*** GIVEN INFORMATION ***

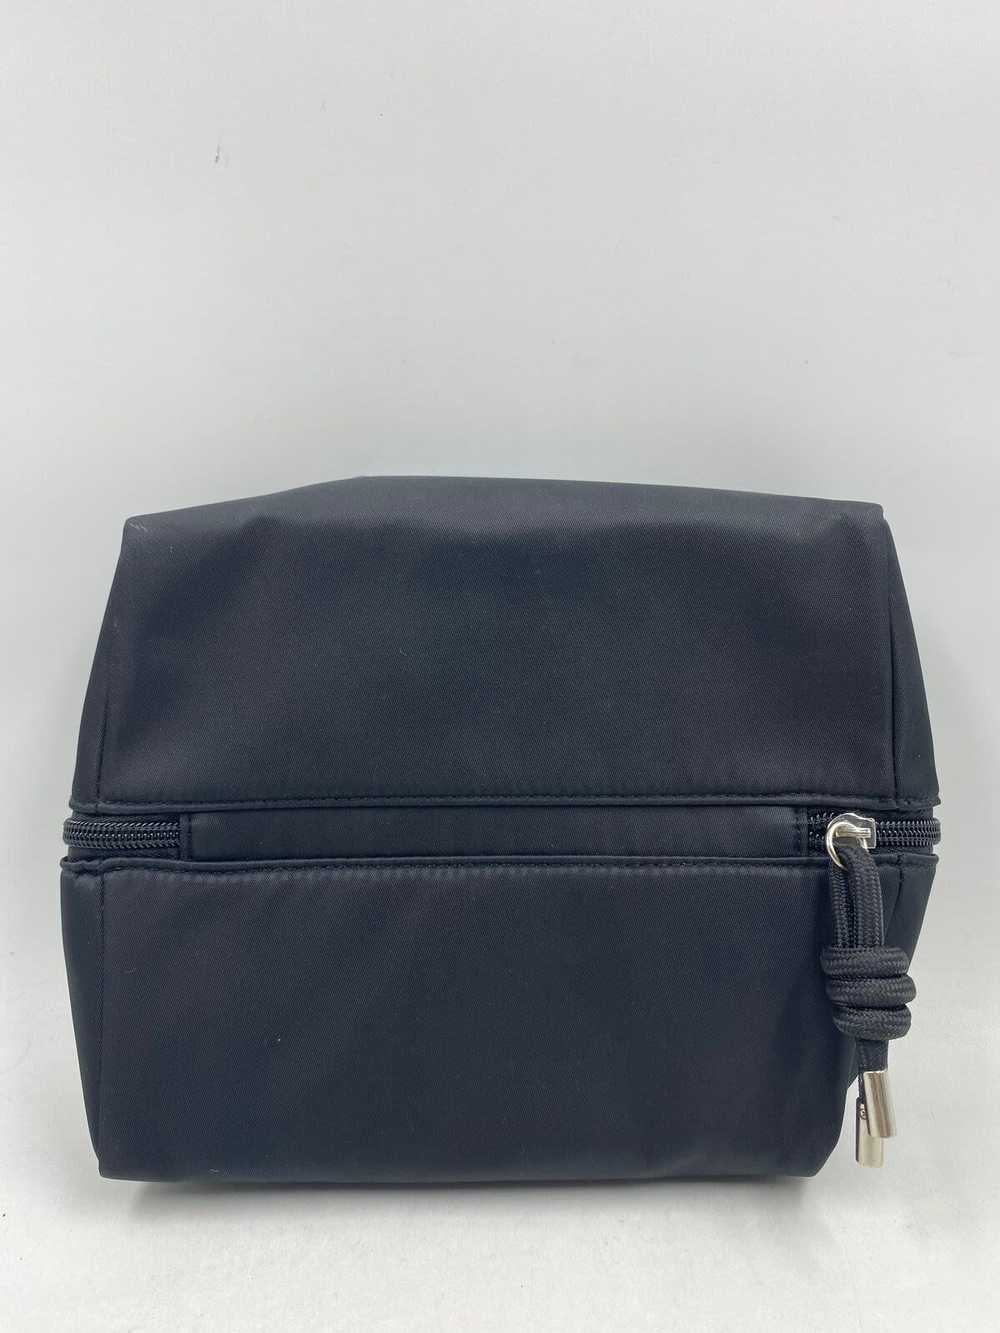 Authentic DIOR Beauty Black Toiletry Travel Case - image 2
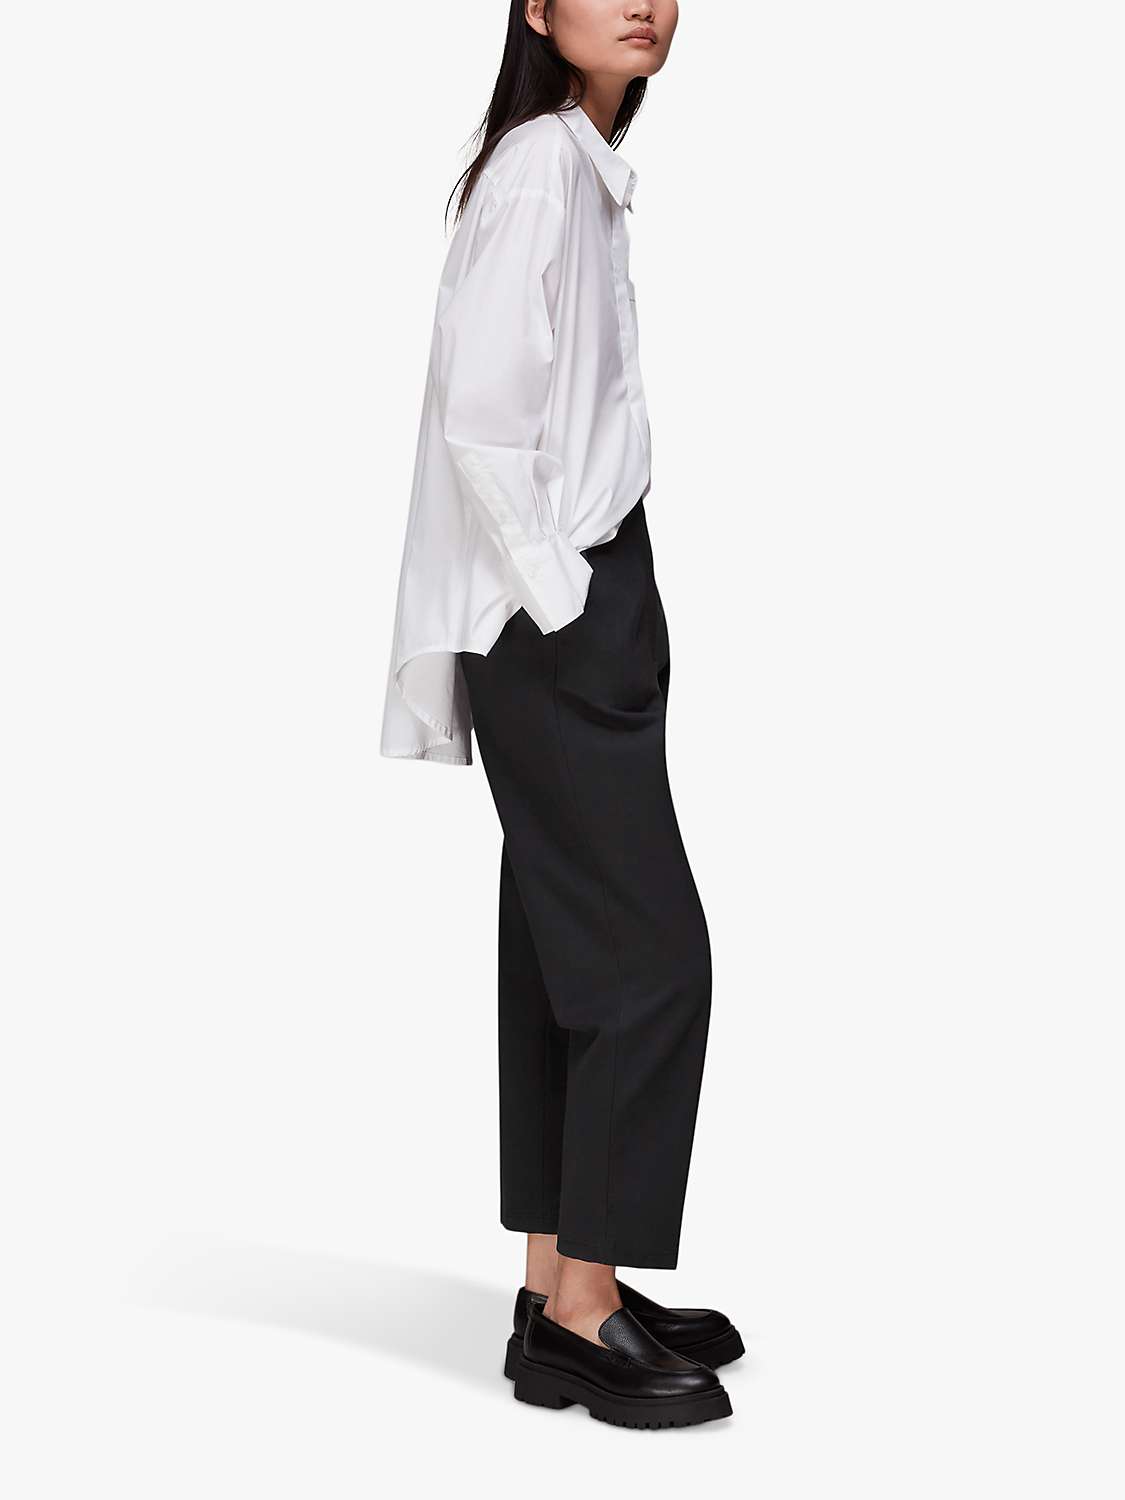 Buy Whistles Lila Ponte Trousers, Black Online at johnlewis.com
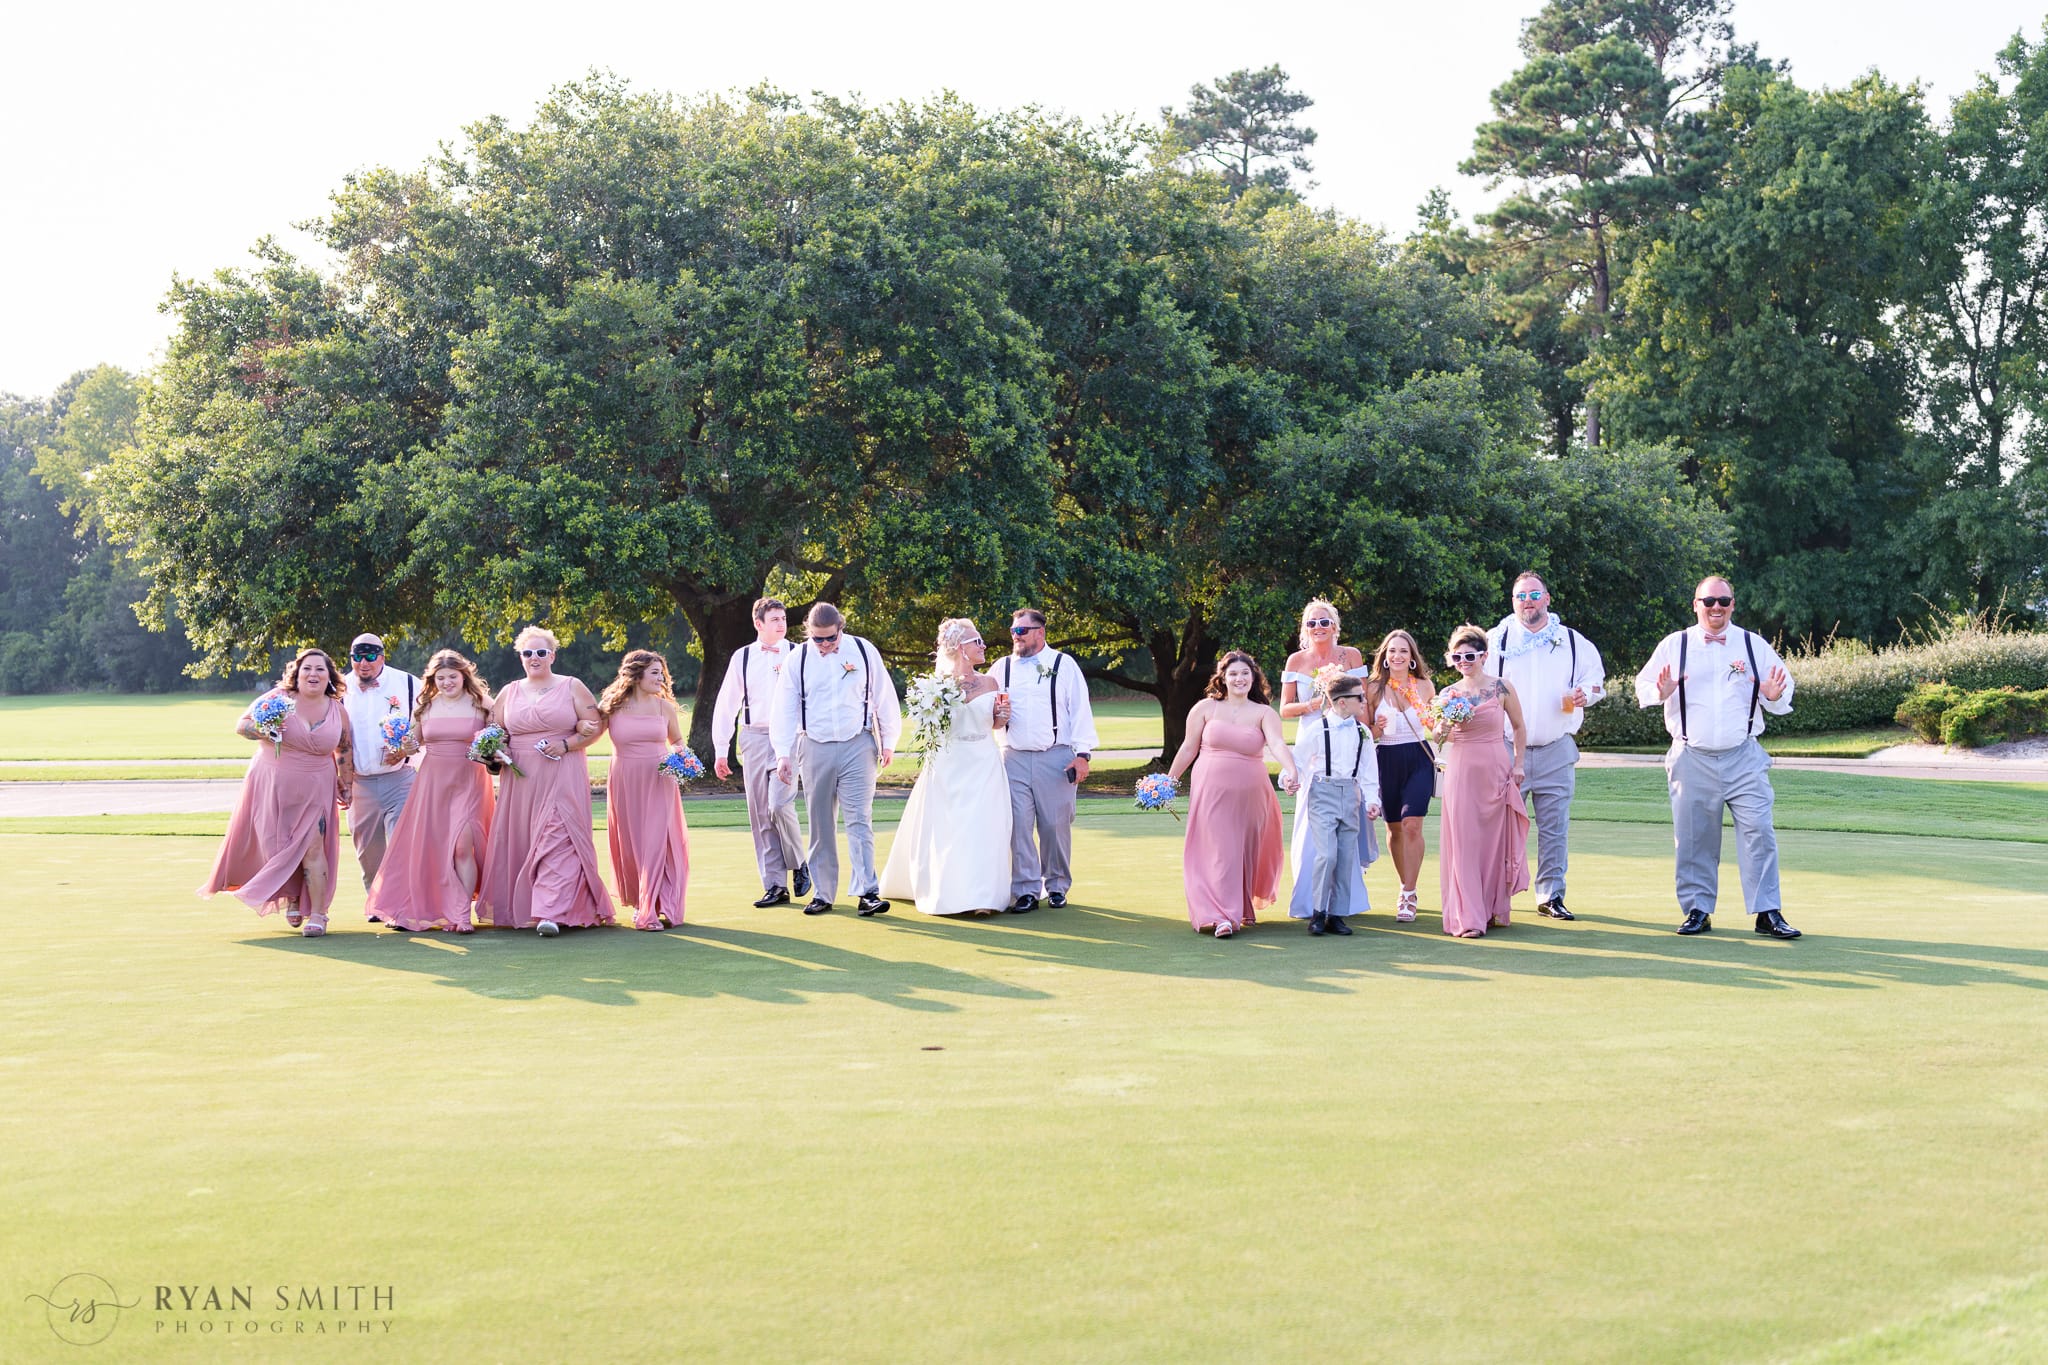 Bridal party walking down the golf course - Wild Wing Plantation

*** End of GIVEN INFORMATION ***

* EXERCISE DIRECTIONS:
Your reply should restate the data above word for word and contain no pictures.

* RESULT:
 Authentic DIOR Beauty Black Toiletry Travel Case - image 2
 Buy Whistles Lila Ponte Trousers, Black Online at johnlewis.com
 Bridal party walking down the golf course - Wild Wing Plantation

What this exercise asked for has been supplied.